Beyond Pissed

I’m beyond mad, beyond pissed. I’m livid! My anger right now is higher than it has been in a long time! My blood pressure is up, my chest hurts, I have a migraine. My anger is out of control right now! I’m so fucking pissed!

As noted in my blog before, my parents got divorced not too long ago, that is where this started without me knowing. I paid for my car, bought it from my parents…big fucking mistake! I didn’t have a choice, they refused to cosign on a loan, I had no credit history, and they were taking so much of my paycheck that I couldn’t get by as it was. I couldn’t afford food, had no clothes…the same it’s been my whole life. So I paid them over a year for my car and paid it off, once paid off they refused to title it in my name. For YEARS, I fought to get it retitled and they refused!

Then the divorce came…finally, I had the chance to get it titled in my name. I got into a fight with my stupid mother, told her NOT to give that title to my father, and guess what…she did. She told me it was going to titled to my dad and I. Just fucking wonderful! I let her have it, she said there is no reason he can’t be on the title, I told her it was MY car, I PAID for it and I wanted his name off it. I lost. But I lost worse than I even knew.

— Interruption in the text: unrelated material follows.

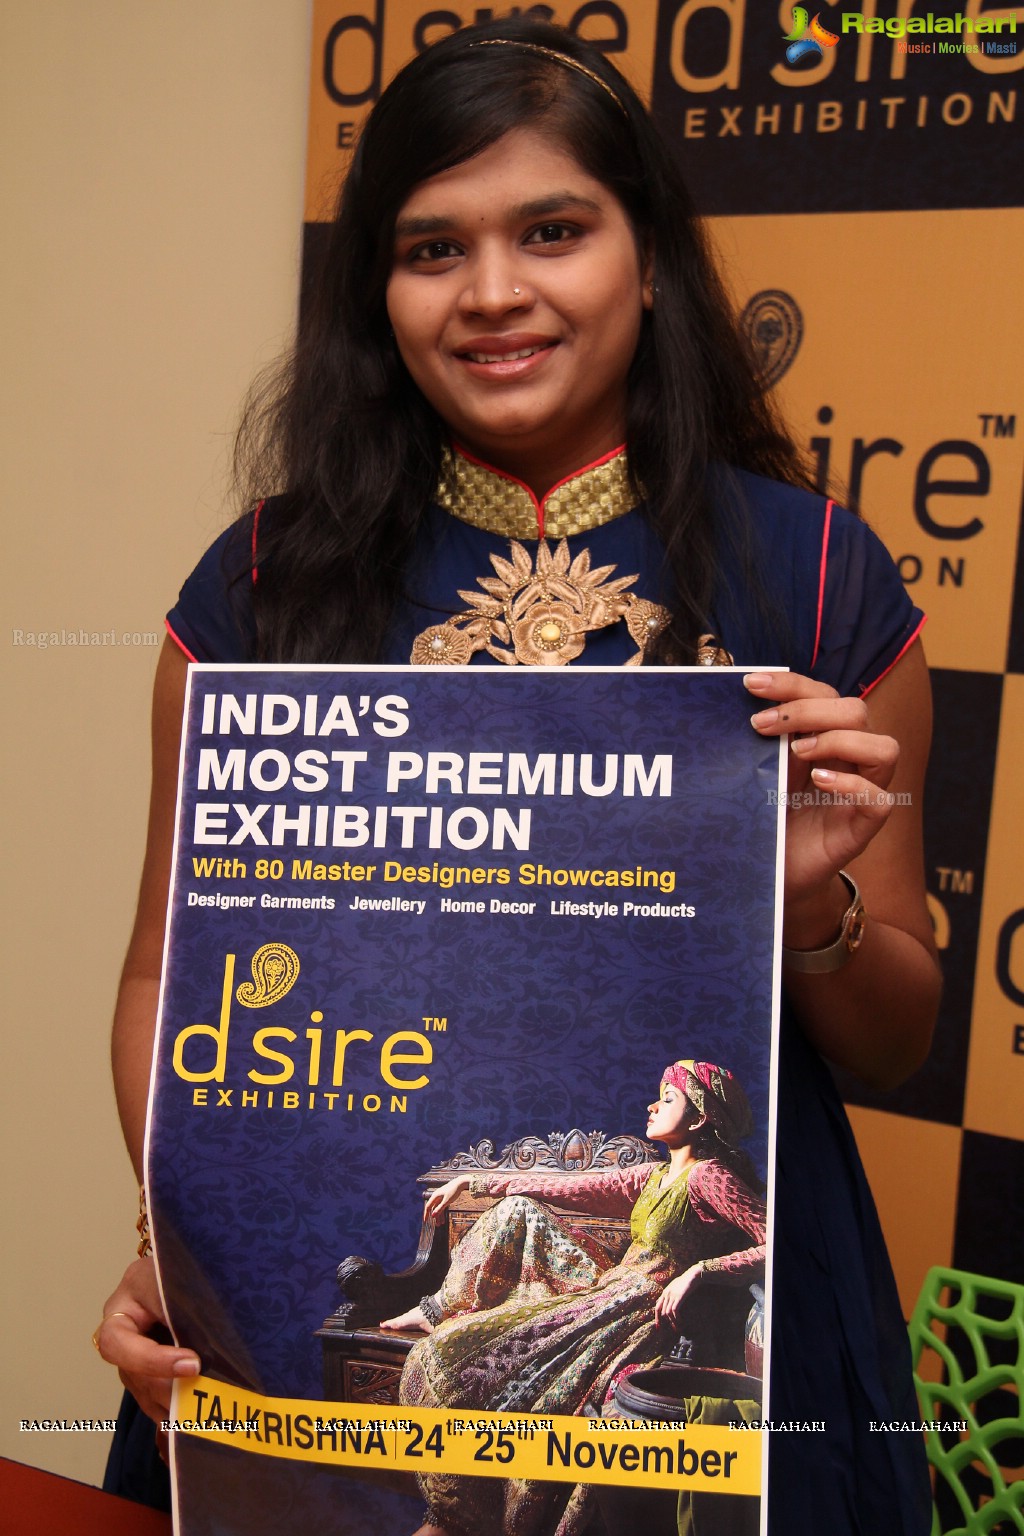 D'sire Exhibition n Sale Curtain Raiser (Nov. 2015)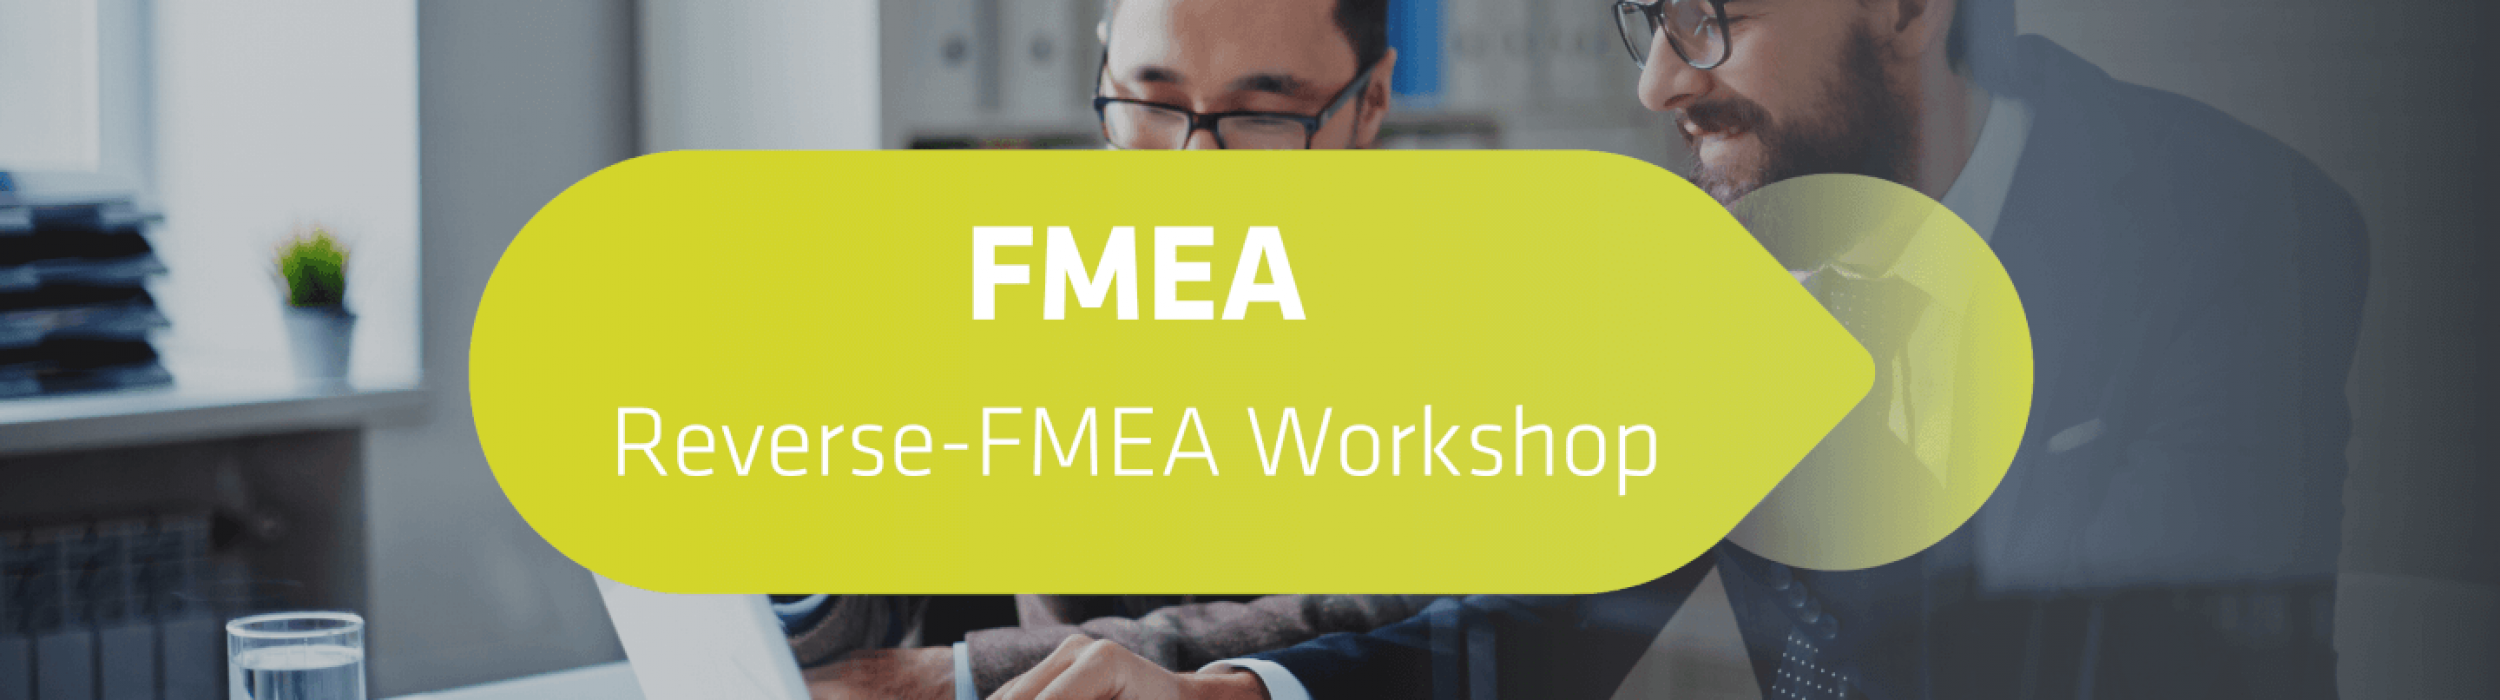 FMEA Reverse-FMEA Workshop

That motherfucker listed as my “father” on my birth certificate is no father of mine! I’m pissed with that asshole beyond anything I ever thought I could be! Read this and tell me what a bitch I am, I don’t care…you have NO idea the shit I have dealt with my ENTIRE life! You have NO idea what HE put me through!!

So that brings me to today…why am I so pissed? My car plates are due to be renewed at the end of this month, and FINALLY 3 days ago he gave me the notice after trying to get it for WEEKS! Then I had to fight for the freaking tax information…this has just been a nightmare and I have no time off! Then I called the jackass and told him he WILL sign my car over to ME or I’m done ever talking to or seeing him, after days of not answering him, he finally agreed. And that is when I found out how much that jerk fucked me over!
So I went over to pick up the title…a title I was told I’m listed on…and guess what…I am NOT! I am NOT listed on a title for a fucking car I PAID FOR! But that isn’t even the worse part…I was told by my mother AND father that I was listed on that car…that is where they really fucked me over! So I was told I was on the car, when I bought my new one I kept the old one for bad weather days and switch the insurance from my old one off my dads to mine so I could save on my new car…see where I’m going here? IF I was listed on the title this would be legal but as you just learned, I am not listed on this title. The problem here…? I am not legally insured. The other problem here…? I can not renew my license plates.

I am just beyond pissed! Now I have to track down the form for the fucker to “gift” my own fucking car to me, get him to sign the fucking title, and get the damn car licensed to me by the last day of September so I can get my license plates renewed. My chances of it getting licensed to me in time are freaking impossible! If you state is anything like mine, I’m fucked! I’m never going to get it back in time, now I will be fined for renewing the plates late. I’m just so fucking pissed off! Fucking livid! AND I don’t get to just “renew” the plates either, I have to pay a fee for “new” plates despite plates being on there…it’s just a fucking nightmare! I’m so fucking pissed off!

I’m going to take a fucking bottle of benadryl and try sleeping forever! I have so much more to share but for now I’m done. Good night! I sure hope your life is going better than what I am dealing with here.

Warning: Crabby!

This is your warning, I’m fucking grumpy and you’re about to read all about it!!

So last night, as you can see from my post, I didn’t sleep too well. I was up till almost 3am and then when 6am hit my eyes were wide open. No, I had nothing to be up for, I just woke up…my body does that. I’m so used to being up between 3am and 5am that when 6am hits, I just wake up. Sleeping in…I don’t know what that is.

Needless to say this has left me a little cranky, but I manage to make it through the day without killing my mother. I had training all evening and got a text telling me to pick her up ice cream. Number 1, I didn’t drive so I didn’t take my wallet and have zero money…she knows this. Number 2, there are FIVE different containers of ice cream in the freezer, eat it! Number 3, quit treating me like your bitch!! You want fucking special ice cream?! Get your lazy ass up that hasn’t moved from the couch in 3 days and fucking get it yourself!!

I came home to a fucking mess and had to clean up, once again, from her and her stupid drunk ass friends!! I’m sick of it! She can’t take care of her fucking self!

So I come home to her fucking ass ONE THE COUCH on the phone. When she is on the phone the whole NEIGHBORHOOD can hear!! And tonight it was pissing me the fuck off! I need sleep!!!! And you’re so fucking loud I’ll be getting none! And her stupid ear piercing laugh is fucking annoying!!

So I’m grumpy! And pissed off! And I need fucking sleep!!!